And yet, so much curiosity too. A screening of Dancing with the Dead: Red Pine and the Art of Translation—thanks to my fellow Subtea Subterfugist Nick Herman of Kaleidoscopic Mind fame— a documentary that would delight any tea lover (even GTH has a dian hong in his honor, fitting as he does drink some DH to kick off the film).


A monthly Writers Salon as promoted by the good people at SWET—a four decades+ organization supporting English-speaking writers, editors and translators here in Japan. Outstanding souls, the lot of them. I basked in an evening on the lamb, meeting a fellow Alex also working on ambitious short fiction, a chat over a recent ramen book with Florentyna Leow who also authored the memoir How Kyoto Breaks Your Heart, and got to build up anticipation with soon-to-be debut novelist Mike Fu who will release Masquerade next month.

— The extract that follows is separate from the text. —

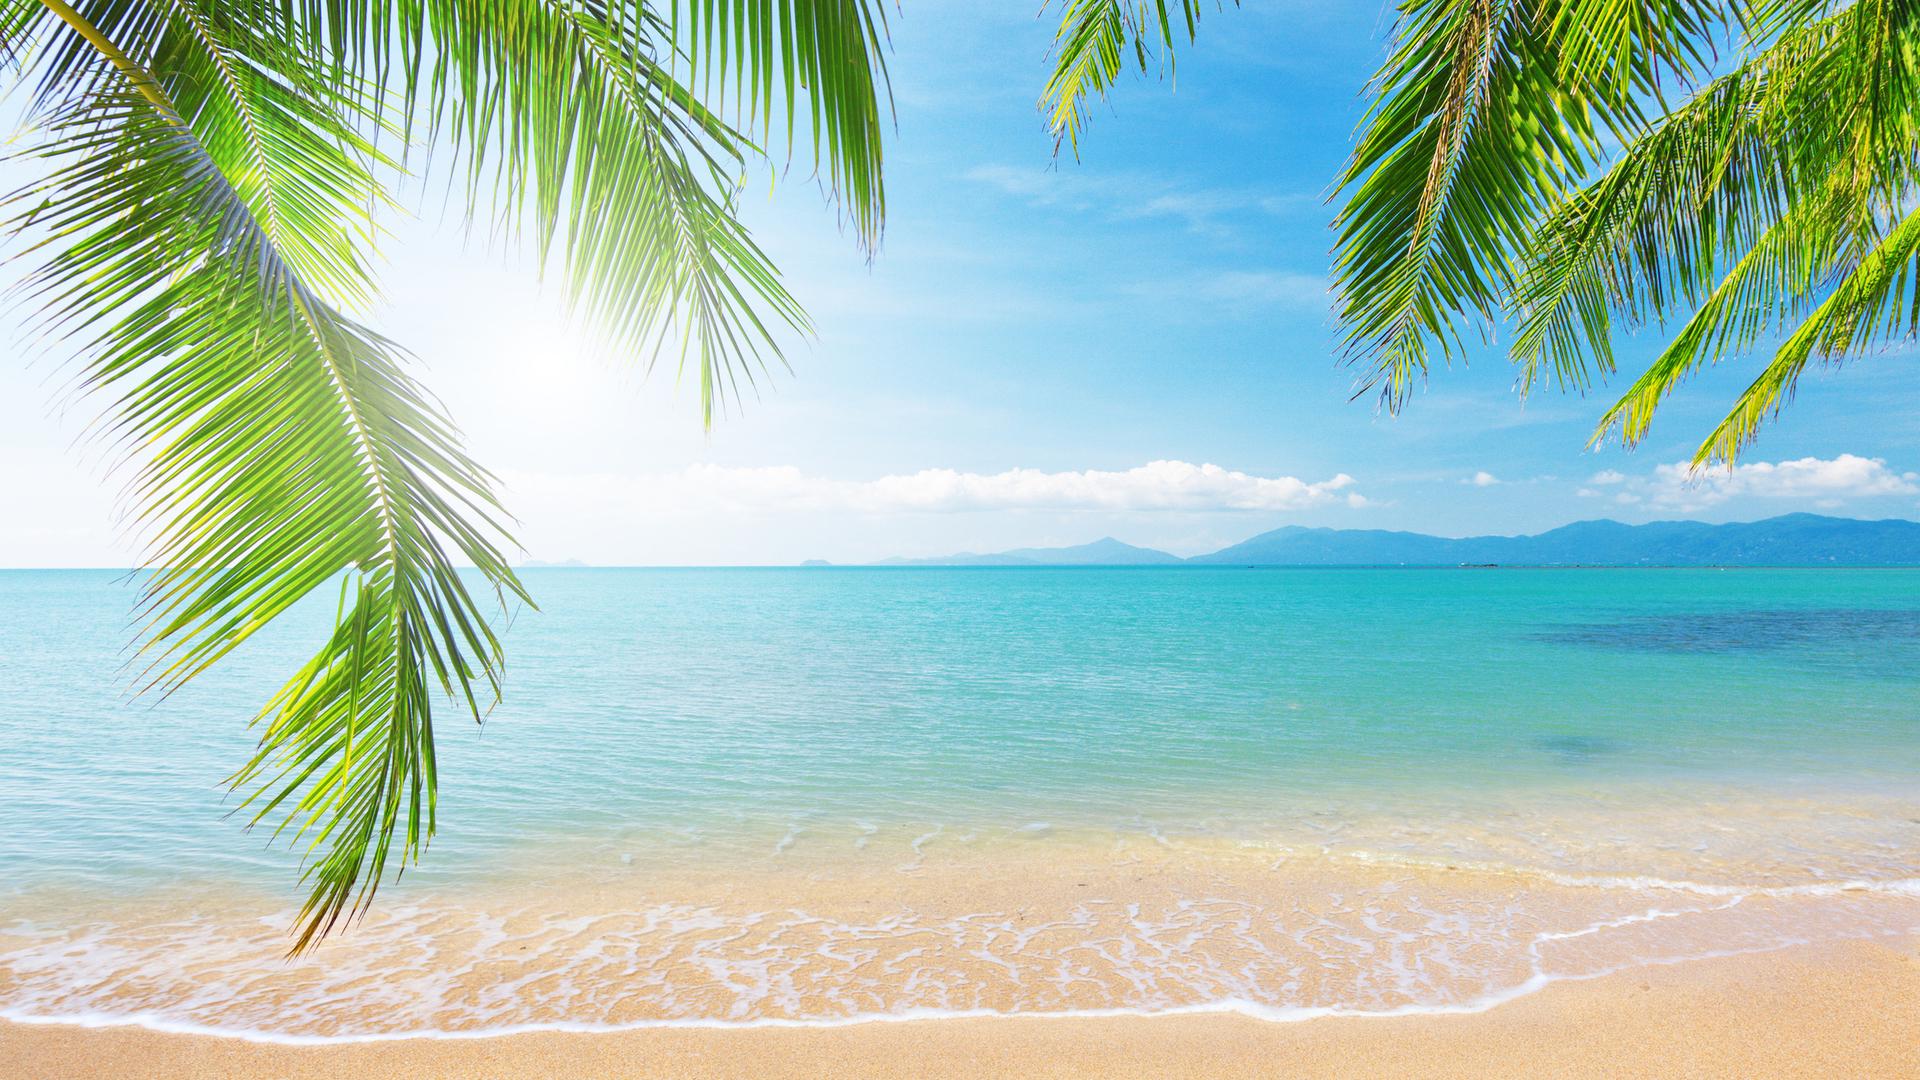 День Молодёжи на пляже был тоже!
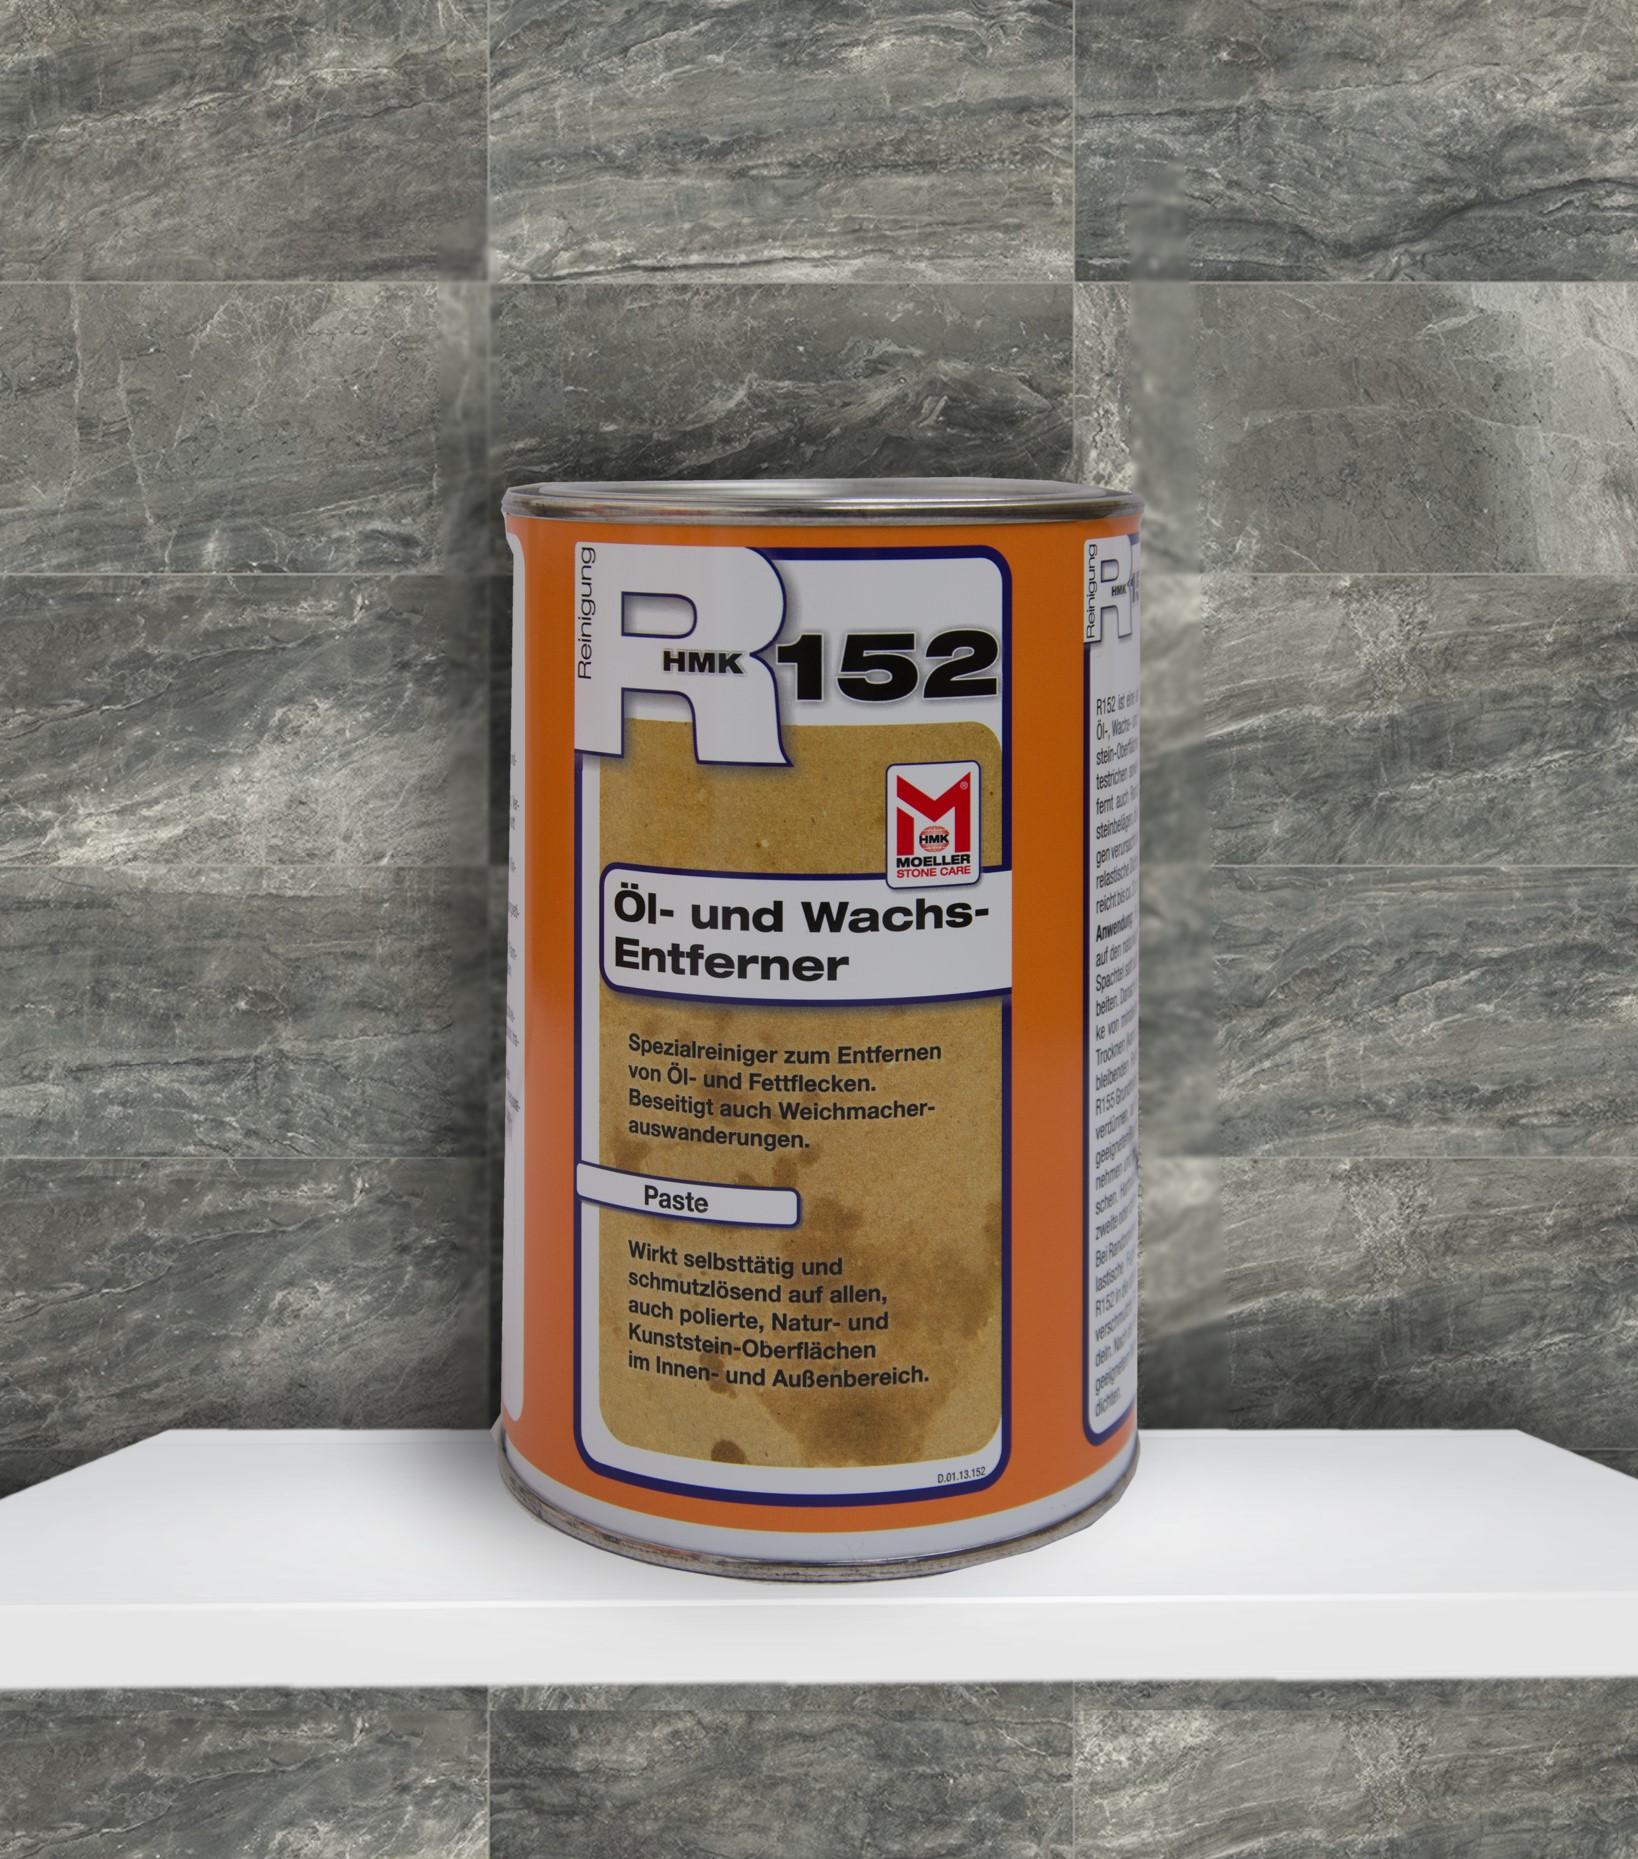 HMK R152 Öl und Wachs Entferner Paste

To the salon I only brought my half-formed thoughts about Substack and cold brew tea (a Miyazaki kamairicha I bought from Ten in Shimokitazawa and a Himalayan white from Chiyaba) to Bruce’s beautiful Salon space in Kitakamkura (now graced with a soothing painting of the Irish countryside by a recent guest). The host was gracious enough to lend me the elusive Jiro Osaragi hardcover The Journey, which I’d been craving since reading Homecoming this summer. By reading the first page I lost all the guzen marbles and gained new ones.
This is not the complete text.